Why? If nothing else, it's a first contact story that created the entire modern concept of what life on a gas giant would be like. If nothing else, that would be enough to secure it a place in my own personal literary canon.

What really makes it work is that it's a simple voyage of discovery. It's not about bizarre, high-falutin' concepts like ascension to godhood and contact with things we can't understand. In this story, a man goes into space, goes to Jupiter, and then meets some aliens. How smart they are or aren't isn't much gone into, but that's not important-it's just first contact, after all. (And it's hard to hold a conversation with a mile-long sky jelly that's possibly trying to eat you.)

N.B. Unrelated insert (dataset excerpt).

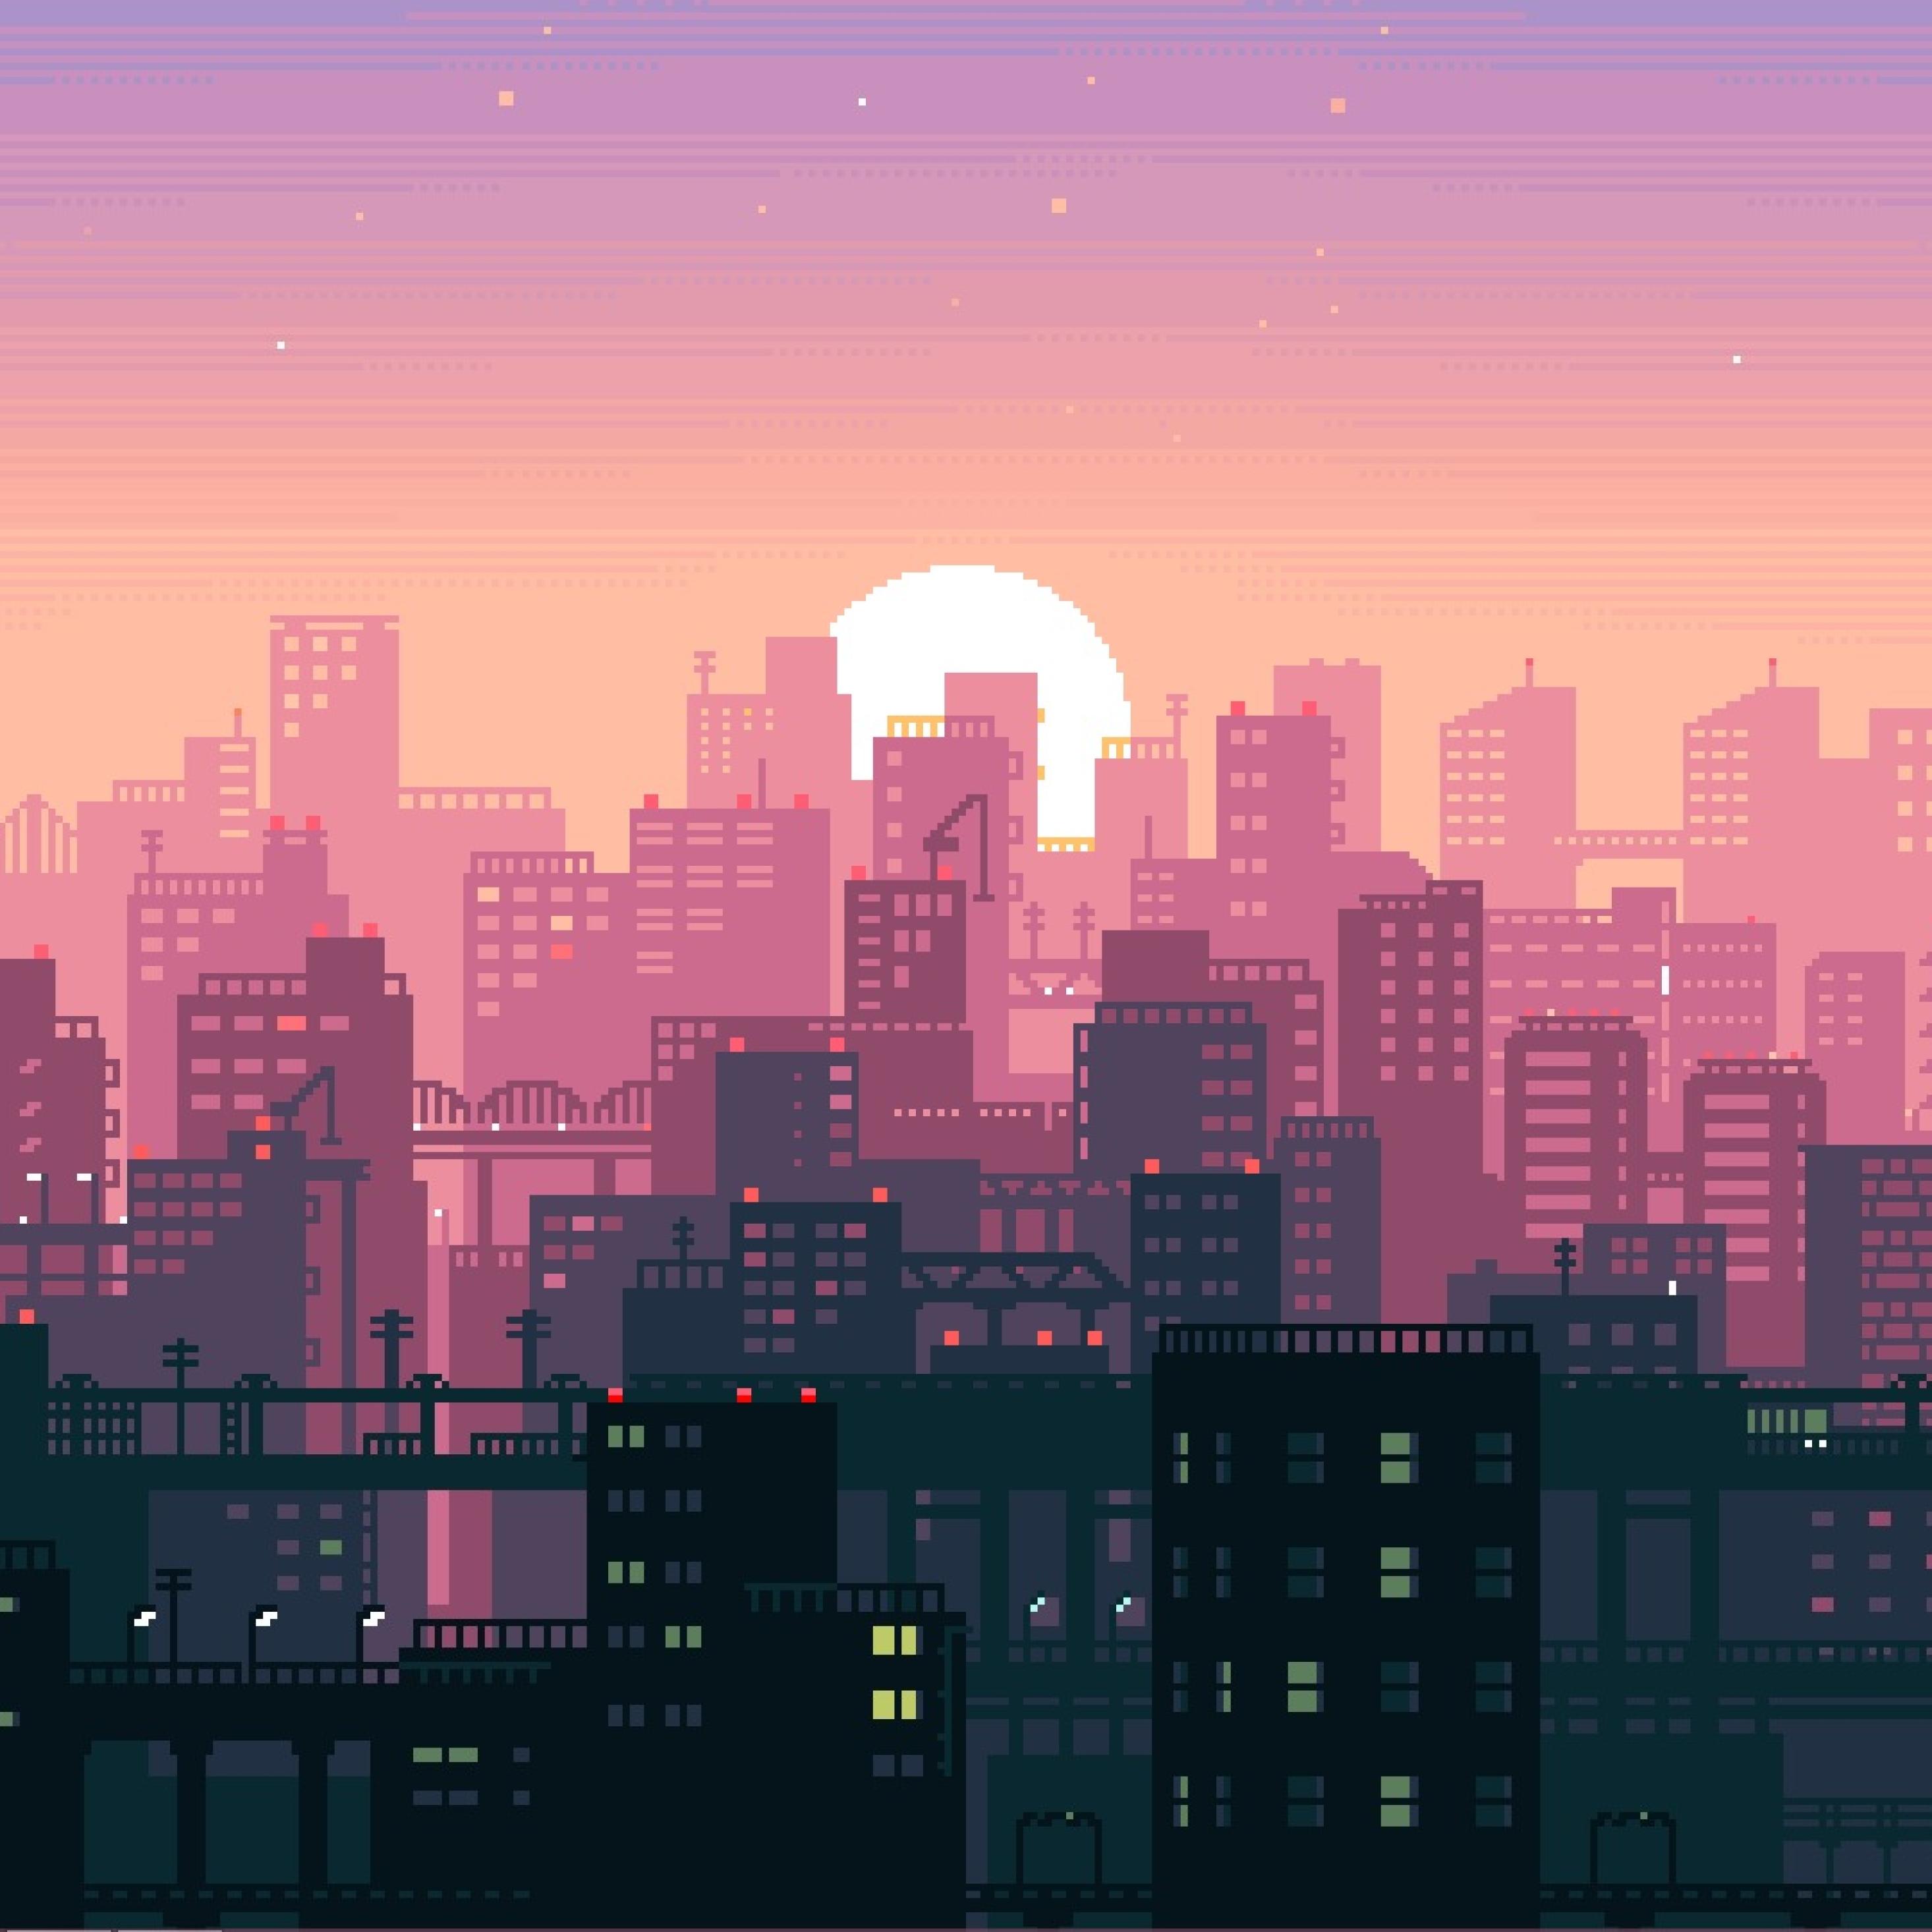 City Building Sunshine Pixel Art Full HD Wallpaper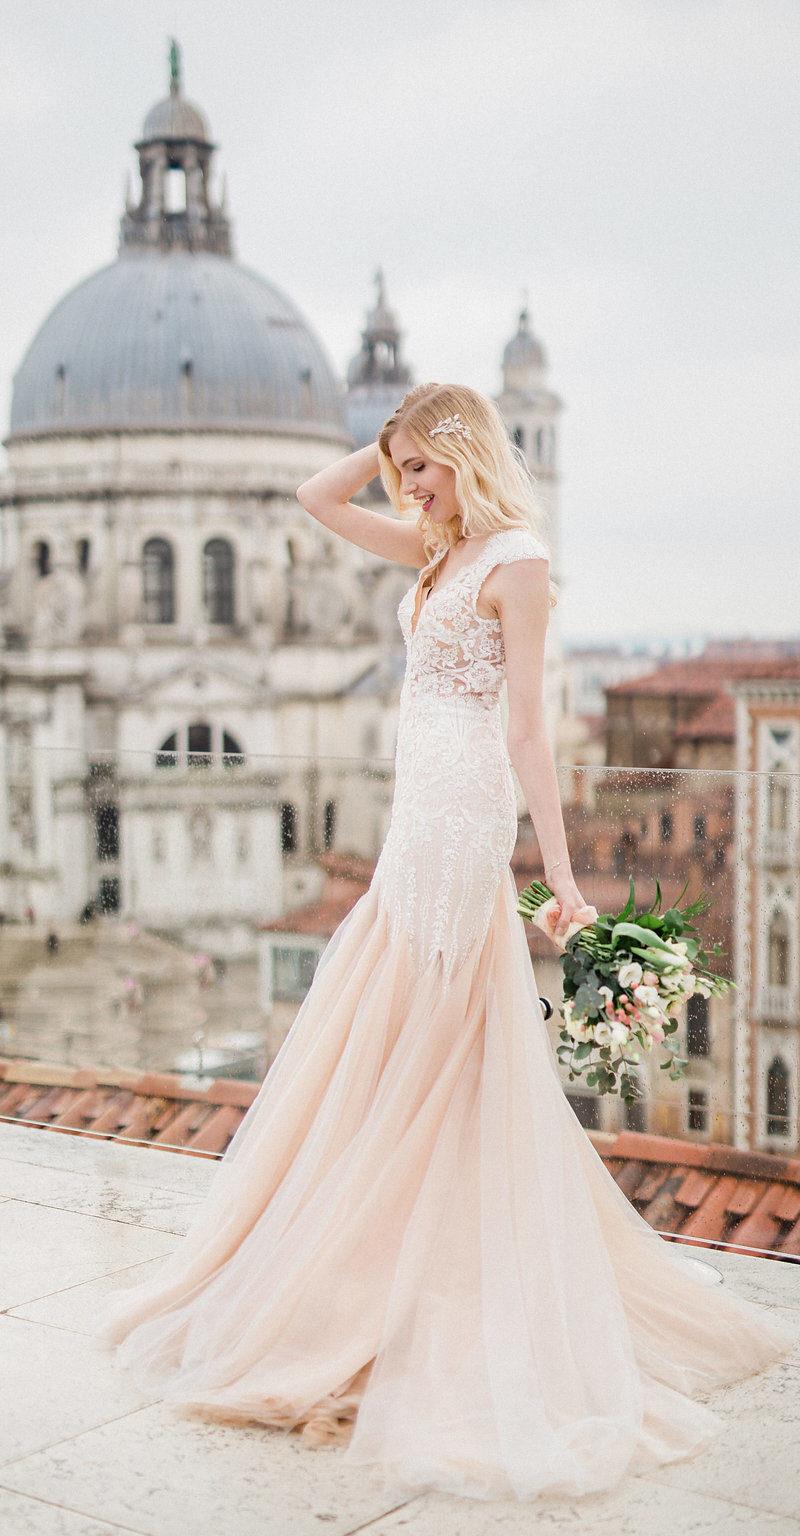 Bridal Shakespearean Shooting Venice

There's an element of transhumanism in the story; that is to say, in a surprise reveal at the end (sorry for the spoilers), we learn that the pilot was a cyborg who was so extensively modified he moved around on wheels. It was his opinion that mankind couldn't own the stars, and that only fully sapient mechanical intelligences could manage to survive and prosper in deep space. (His argument is probably sound, all things considered.) It's a bit of a downer, really, but that's probably the other reason I'm not a huge fan of Clarke's. (Give me Asimov any day.)

A strong story all around, and one I'd recommend reading if you can find it.

On a side note: The cover on Wikipedia is for the same version I own. Ironically, the printing I have, at least, has a printing error that attributes authorship to Kim Stanley Robinson (whose book Green Mars was co-printed as a "double" book with it).